Scottish Open: Mark Selby retains title with 9-3 win over Ronnie O’Sullivan

Scottish Open: Mark Selby retains title with 9-3 win over Ronnie O’Sullivan

December 15, 2020 0 By wkadmin
Scottish Open champion Mark Selby has won his last 11 ranking finals

Mark Selby retained the Scottish Open title with a commanding 9-3 victory over world champion Ronnie O’Sullivan.

The 37-year-old was never behind against his fellow Englishman and won the last three frames of the afternoon session to lead 6-2 in Milton Keynes.

A break of 78 helped him move further ahead and he quickly closed out an 11th consecutive victory in ranking finals to equal Stephen Hendry’s record.

“This season has been fantastic,” world number four Selby told Eurosport.

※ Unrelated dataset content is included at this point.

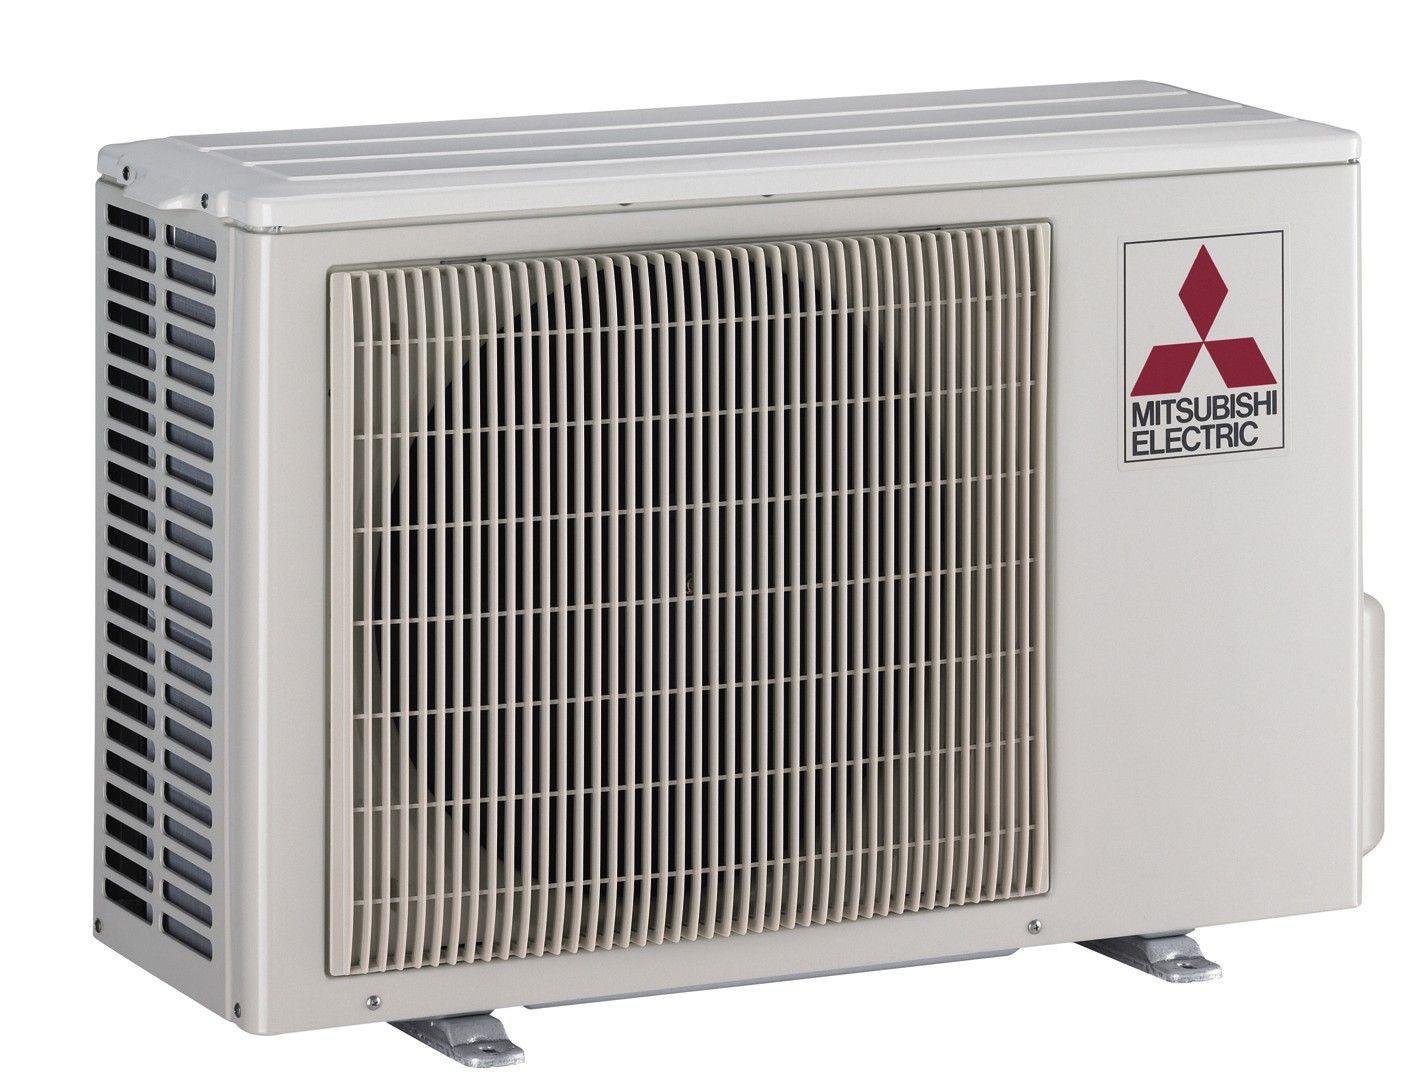 9K BTU 24.6 SEER Mitsubishi MUYGL Air Conditioner Outdoor Unit

“Even if I’d lost to Ronnie, there’s a lot of positives. Semi-finals, quarter-finals, won the European Masters so really consistent and happy.

“I always believe in myself when I play Ronnie. A lot of people collapse against him and are beaten before they start because of the aura he has.”

O’Sullivan paid tribute to the champion, who triumphed on his Scottish Open debut last year, and said: “Mark played fantastically well. I’ve no complaints.

“I didn’t really do a lot wrong but some days you just don’t score enough points and put your opponent under enough pressure. When you get to finals you’ve got to do that.”

With no fans in attendance and the Marshall Arena haunted by Covid tests and men in muzzles, you might as well amuse yourself in such soul-destroying times. Which the two main protagonists did before the festive mood turned slightly sour in Milton Keynes.

For the world champion it was hardly a laughing matter as Selby gained a measure of payback for losing 17-16 to his old rival in an epic Crucible semi-final in August that saw the Rocket clamber off his seat to win the final three frames as quickly as he bites a tip off with glistening breaks of 138, 71 and 64.

Selby added to his European Masters success in September by making off with the Stephen Hendry trophy – and equalling the seven-times world champion’s record of 11 straight victories in ranking finals set in the 1990s.

For O’Sullivan – who once described Selby as “the torturer” – it became a tortuous experience as he failed to score heavily enough with several obvious chances that came his way eluding his normally unflappable trademark break-building instincts.

Perhaps the tip torment tipped the balance in Selby’s favor. Who knows, but it was difficult to suggest the scoreline did not reflect the balance of power.